THE MERITS OF MILTON COMPARED WITH THOSE OF OTHER POETS.
It is universally admitted that the primary and most essential quality of a poet is invention; but it must be invention also of a sublime or beautiful kind; and, to be perfect, it must display this excellence in fable, characters, sentiments, and language.' Of all our English poets Milton only has combined all these merits. Shakspeare wanted the first, though he was admirable in the last three. What invention of fable, or even of character, is there in Dryden or Pope? I can hardly think that strictly they have invention of sentiments; for these are by them drawn from observation.
Spenser attained the marvelloup in pure invention; but his fictions go beyond nature, and outrage our faith. Chaucer's tales are rarely, if ever, original: they are principally borrowed from the Italians, or from old romances. Sackville's famous legend is historical.
The productions of subsequent poems of the best fame,—I do not speak of the living,—are too brief for much fable, except of Lord Byron: but whatever splendours Lord Byron had, his fables are generally extravagant. In Cowley, Waller, Denham, Prior, Thomson, Collins, Gray, Young, Akenside, Shenstone, Cowper, Burns, Beattie, the Wartons, Kirke White, Shelley,* Coleridge, there was no fable. In Crabbe were short fables; —but if they did not want nature, they wanted dignity: they were colloquial and monotonous. Hayley had nothing of the force of fiction;—all his incidents were unpoetical.
Thus it is, that before the sun of Milton all other stars are paled,—unless of Homer and Virgil;— and what is there in the fable of these two that can stand before the divine brightness of the bard of angels?

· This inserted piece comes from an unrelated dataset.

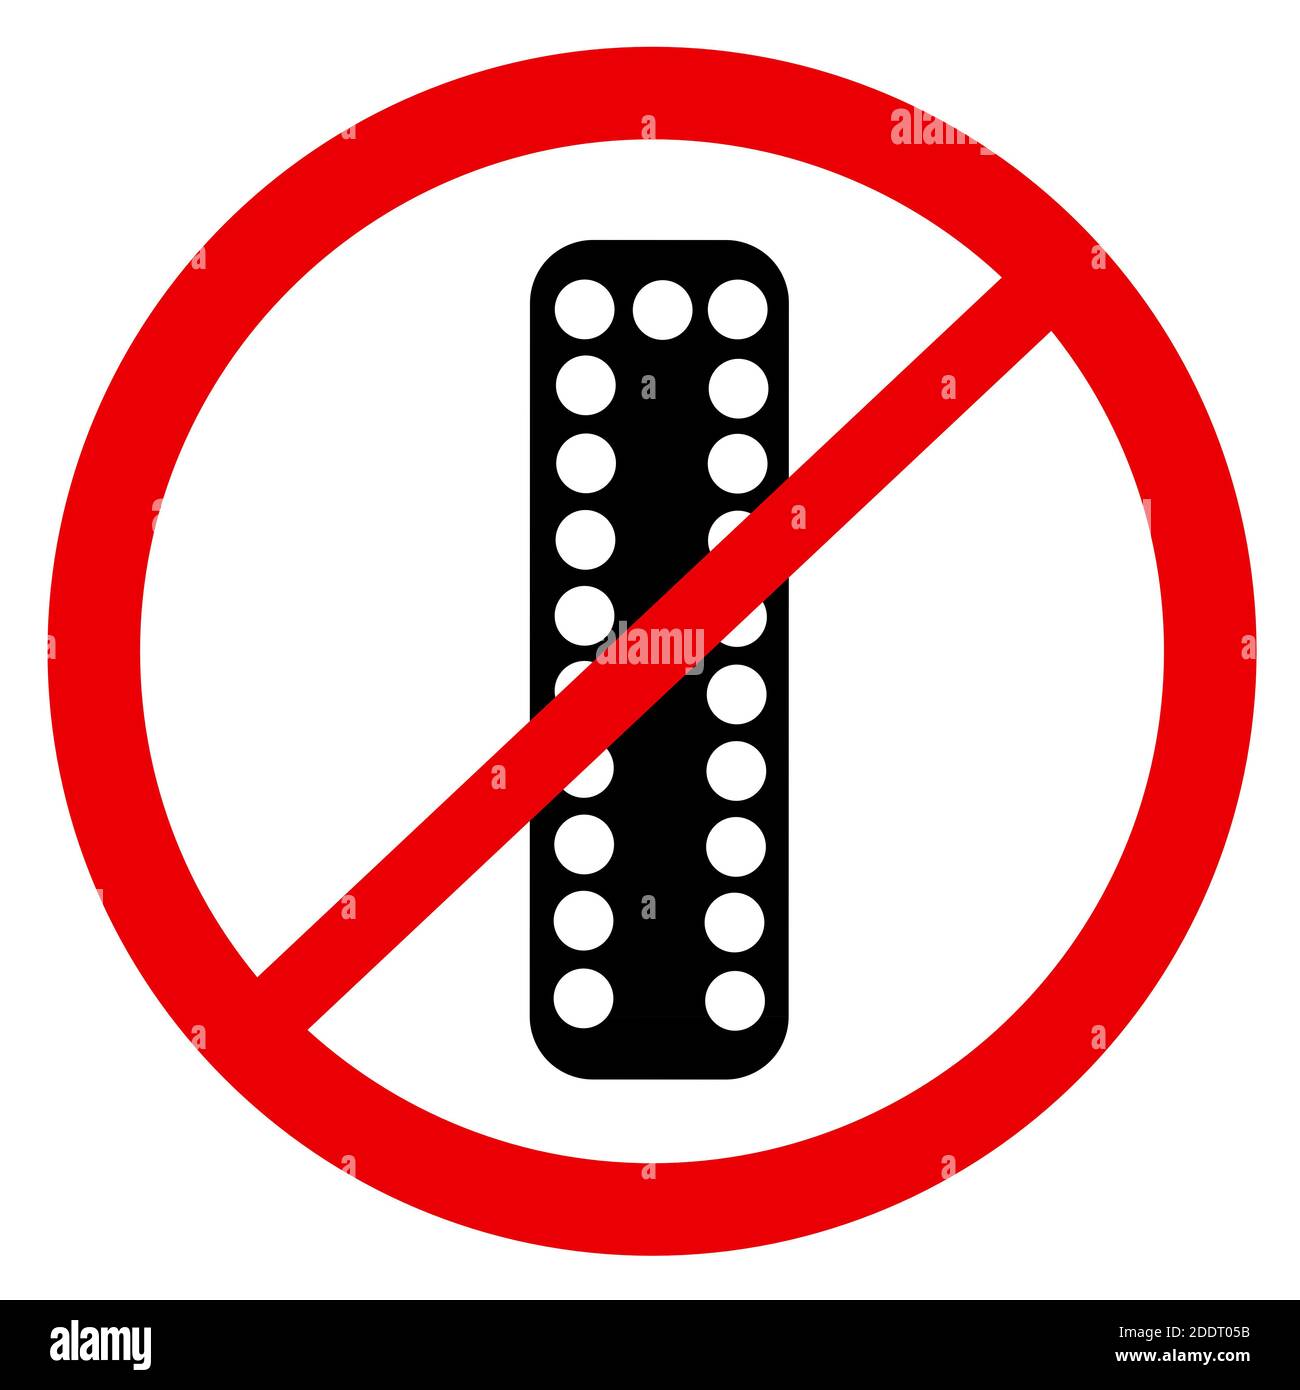 Vecteur symbole de l'interdiction et de la prohition d'utiliser et de prescrire des pilules contraceptives - négativité de la contraception hormonale en raison des effets secondaires malsains, Banque D'Images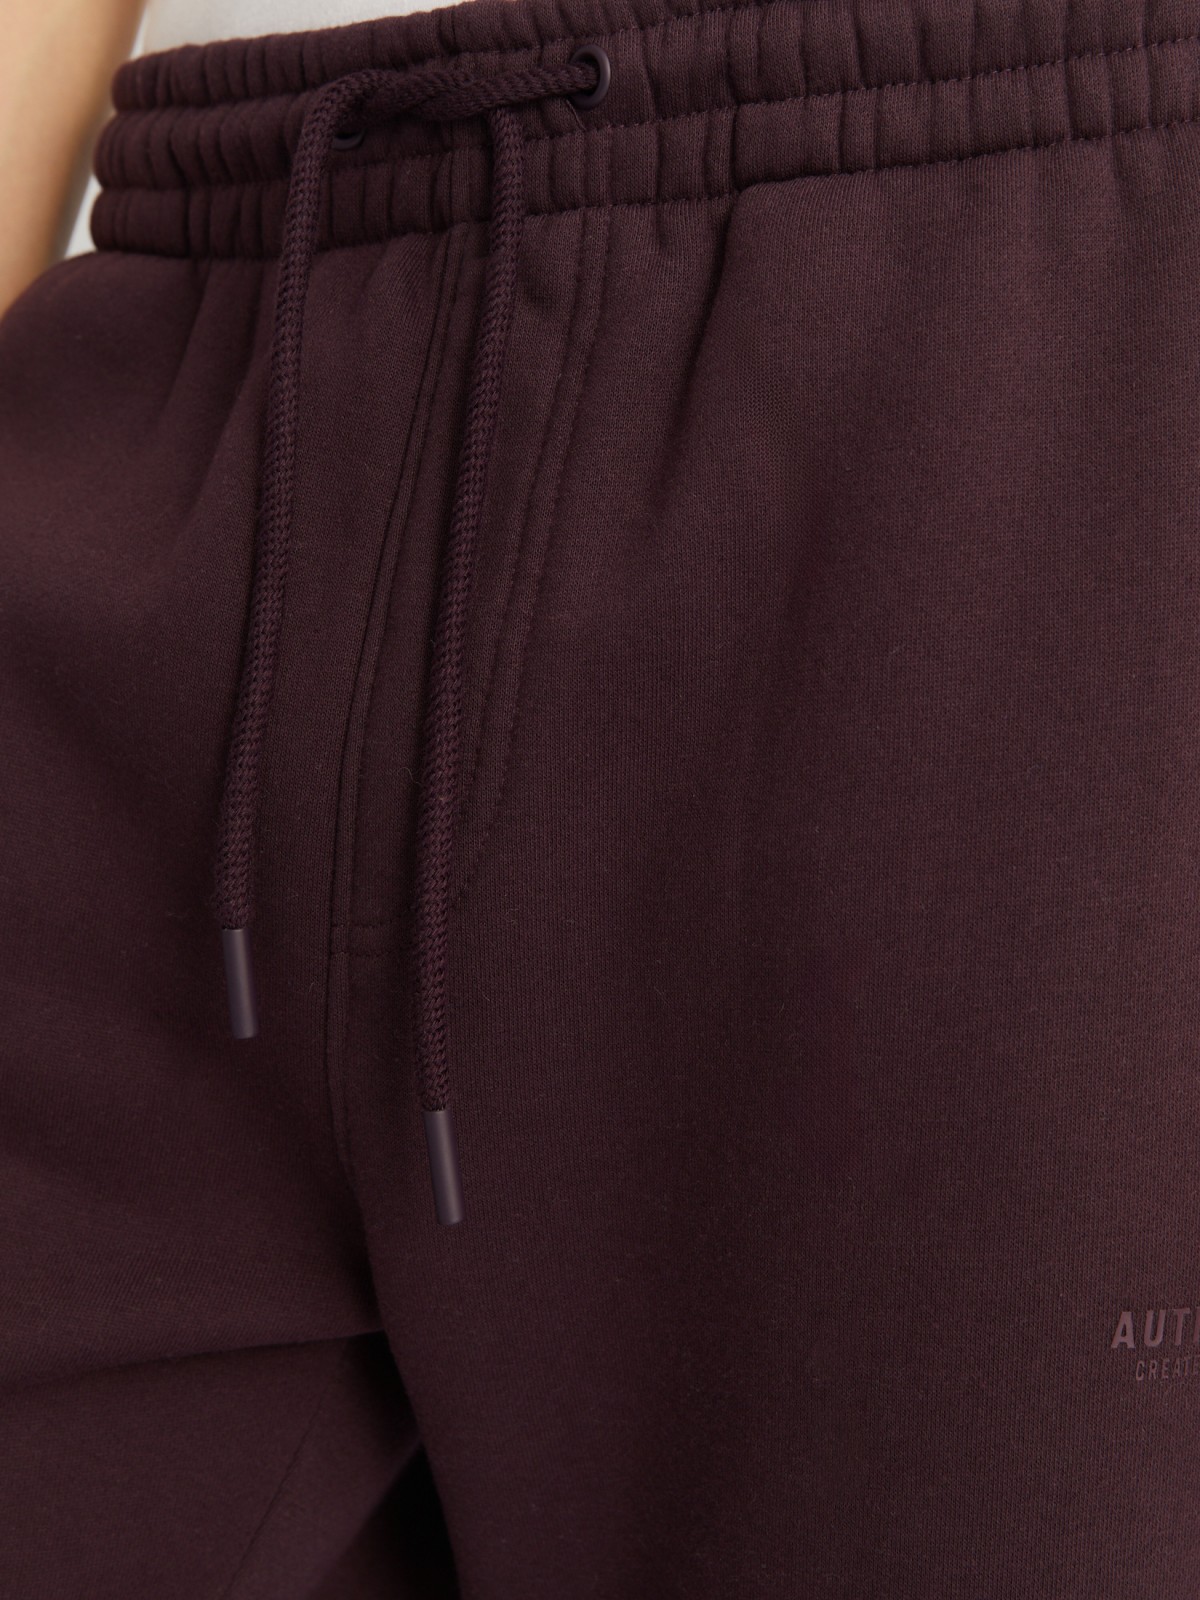 Утеплённые брюки-джоггеры на резинке с начёсом внутри zolla 213437679022, цвет сливовый, размер S - фото 4

With regard to characters,—invention of such as are at once true to nature, and yet grand, or attractive, is very rare. Those of Dryden and Pope are portraits,—copied from individuals: they are admirable as portraits :—but they have not the sublimity of poetic invention; they have frail humanity for their types. They have not the magnificence of Satan and his brother rebels,—still less of the good angels, nor the purity and beauty of Adam and Eve.
Where there is not invention, there cannot be adequate grandeur. Experience and reality fall short of our ideal greatness. We can always
* Sir Walter Scott requires an examination peculiar to himself.
imagine higher things than we observe; and give full evidence to that imagination :—but not if it exceeds probability,—or at least possibility.—Incredulus odi.—Shakspeare, having conceived a character, always preserves it, as Macbeth, Lady Macbeth, Lear, Hamlet, &c. Each electrifies by acting appropriately: but this can never be effected by drawing merely from observation: the inventor is the master of the very soul of the person he invents. He rules all the motives and conduct of the invented being;—and if he paints any inconsistency, it is from his own weakness, and want of sagacity.
The same principles apply to the sentiments as to the characters: if not in conformity with the moral and intellectual traits of the character represented, they are faulty; while that character itself must be striking and estimable, as well as natural.
To invent fable, characters, sentiments,—all with these excellencies,—-can only be within the power of a gigantic mind.—Lastly, we come, to* the language. This ought to be such as expresses these complex inventions the most clearly, most harmoniously, and at the same time with the most dignity. Whatever overlays them,—whatever draws attention from the thought to the words,— is faulty: if the thought is good, it does not want to be raised by the dress:—if it is weak, or trite, it is not fit for poetry; and no ornament of cover can supply a radical defect:—on the contrary, it is a deception, which, when detected, disgusts.— Tinnit;—inane est.—The florid style is always bad.
An over-regard to a monotonous harmony fatigues in Pope. Nothing can be more tiresome than a long continuation of the unbroken couplet.
Milton's metrical combinations,—unfettered by rhyme,—run into every vanity and extent of musical cadence;—and his diction has often double force from its bold nakedness. His majestic thoughts support themselves in the plainest words.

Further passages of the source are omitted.